* **INFORMATION SUPPLIED**:
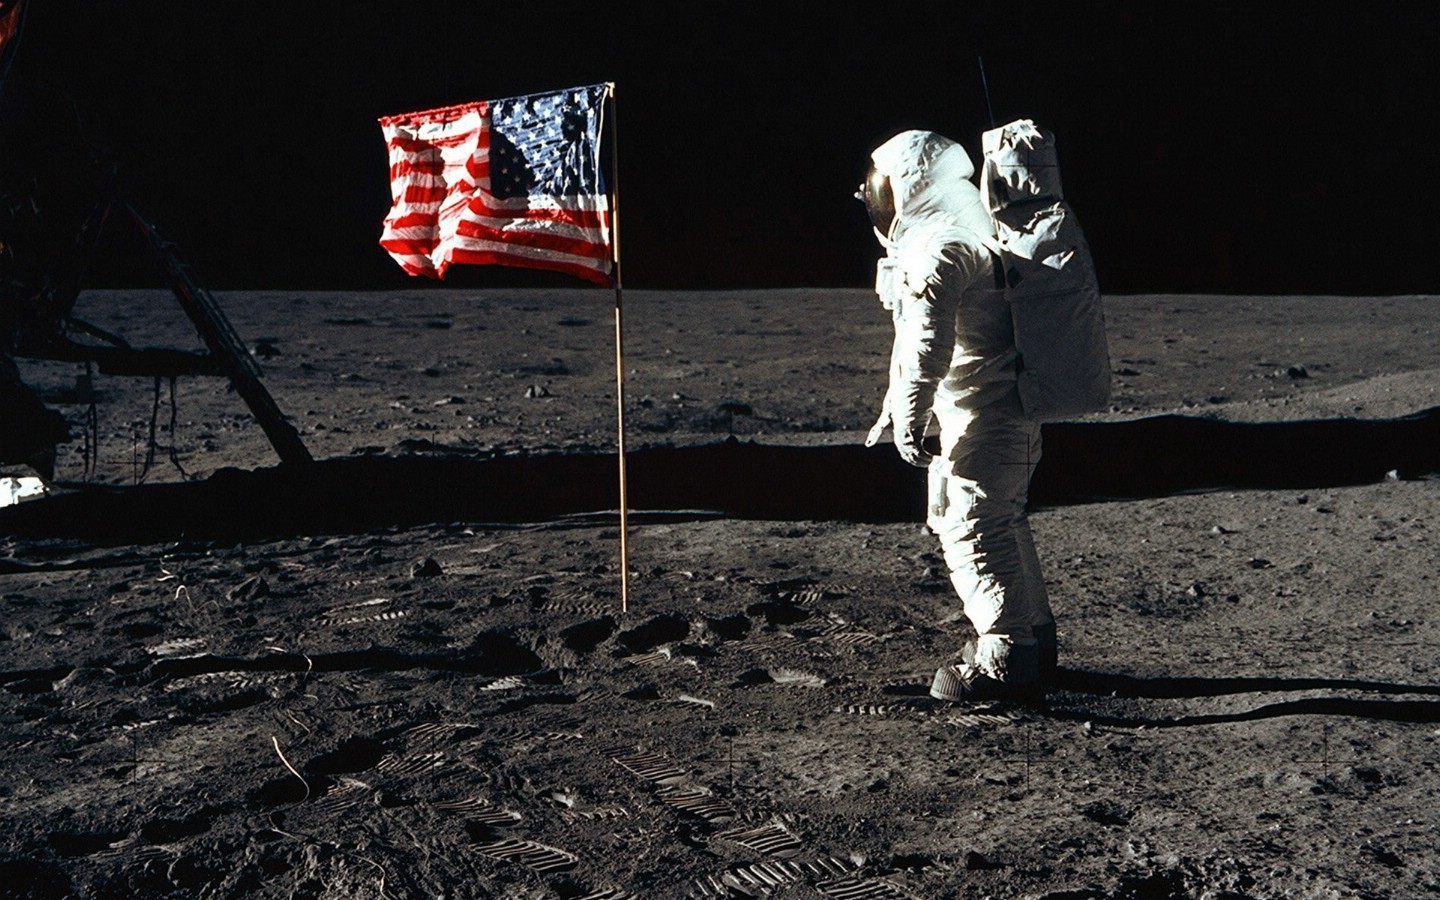 壁纸1440x900阿波罗11 Apollo 11 珍贵照片壁纸 壁纸19壁纸 阿波罗11 （Apo壁纸 阿波罗11 （Apo图片 阿波罗11 （Apo素材 风景壁纸 风景图库 风景图片素材桌面壁纸
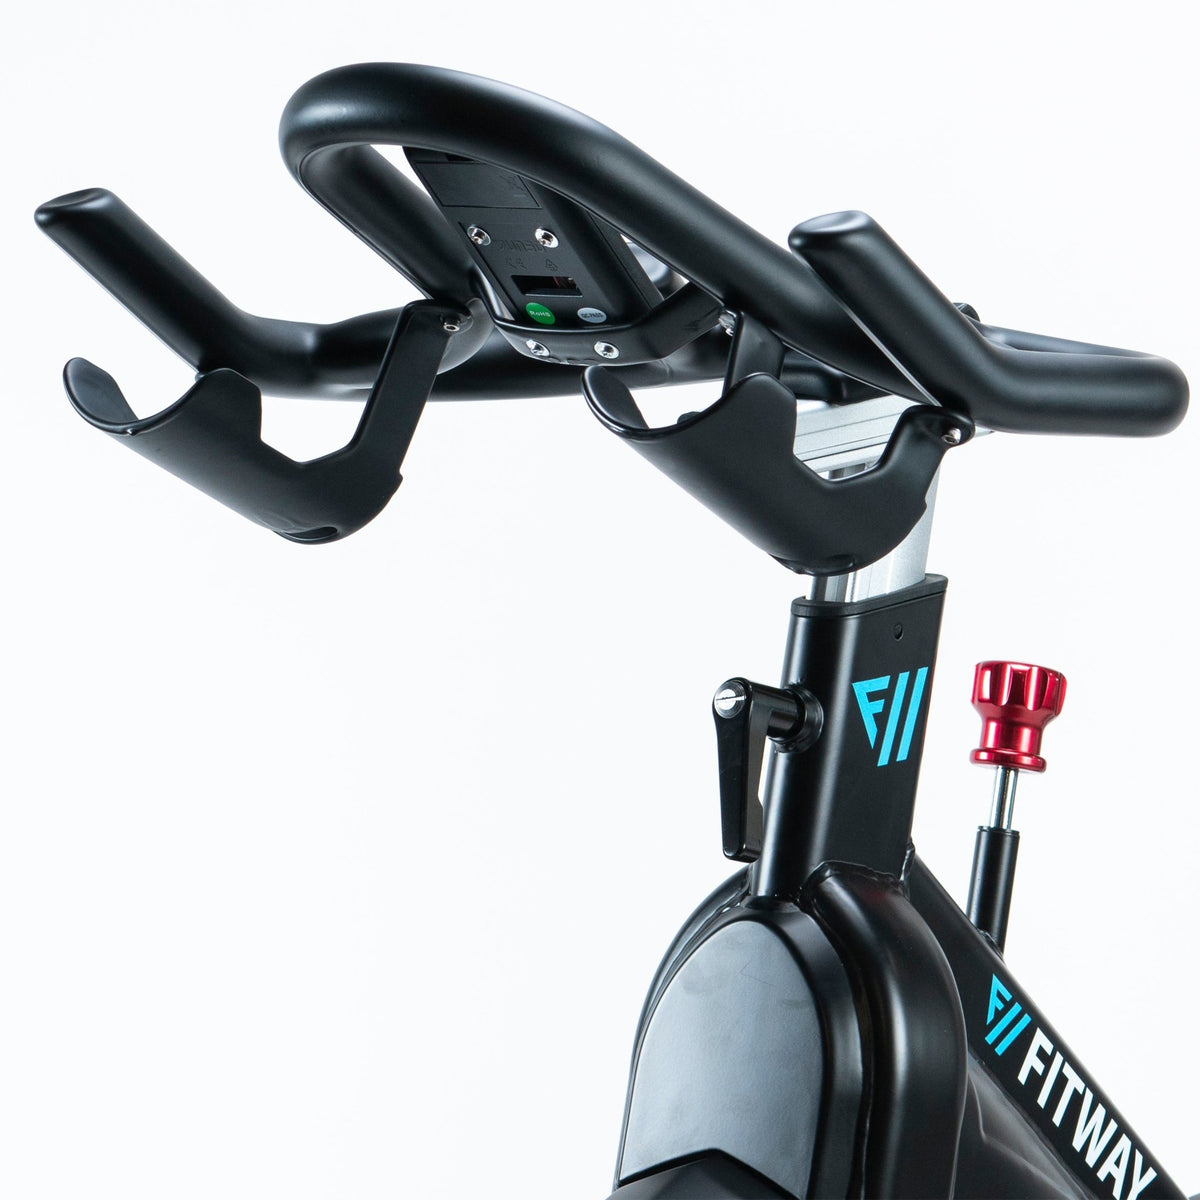 FitWay Equip. 1500IC Indoor Cycle - Handle Bar Design
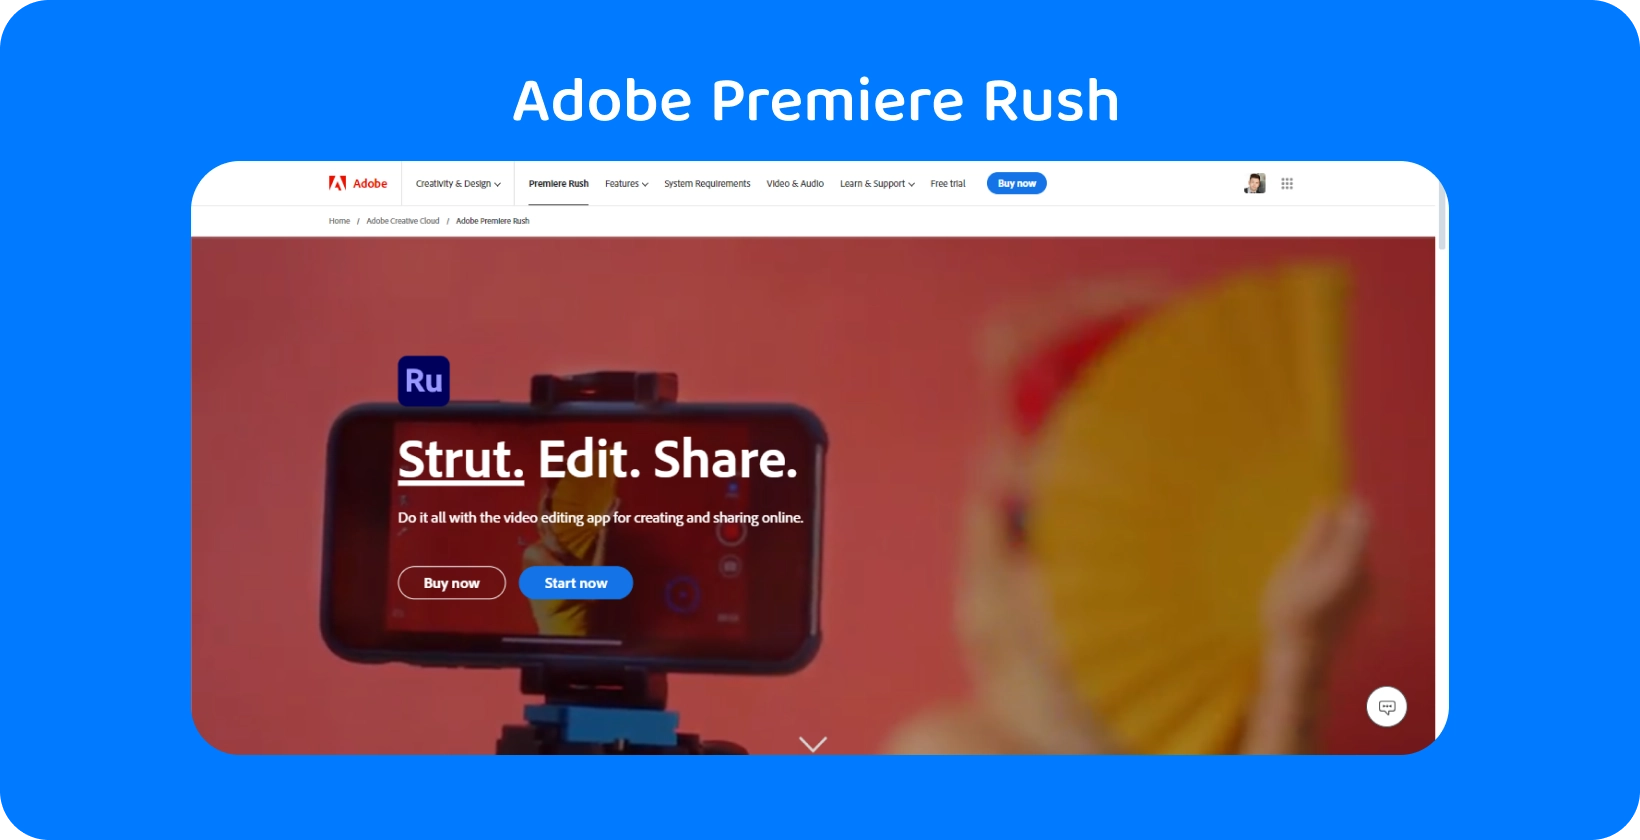 Adobe Premiere Rush jalustalle kiinnitetyssä älypuhelimessa iskulauseella "Strut. Edit. Share." videon editointia varten.

* **TASK DESCRIPTION**: Could you restate the material word for word, skipping any pictures it holds?

* **OUTPUT OF THE EXERCISE**:
 壁纸1440x900阿波罗11 Apollo 11 珍贵照片壁纸 壁纸19壁纸 阿波罗11 （Apo壁纸 阿波罗11 （Apo图片 阿波罗11 （Apo素材 风景壁纸 风景图库 风景图片素材桌面壁纸
 FitWay Equip. 1500IC Indoor Cycle - Handle Bar Design
 Adobe Premiere Rush jalustalle kiinnitetyssä älypuhelimessa iskulauseella "Strut. Edit. Share." videon editointia varten.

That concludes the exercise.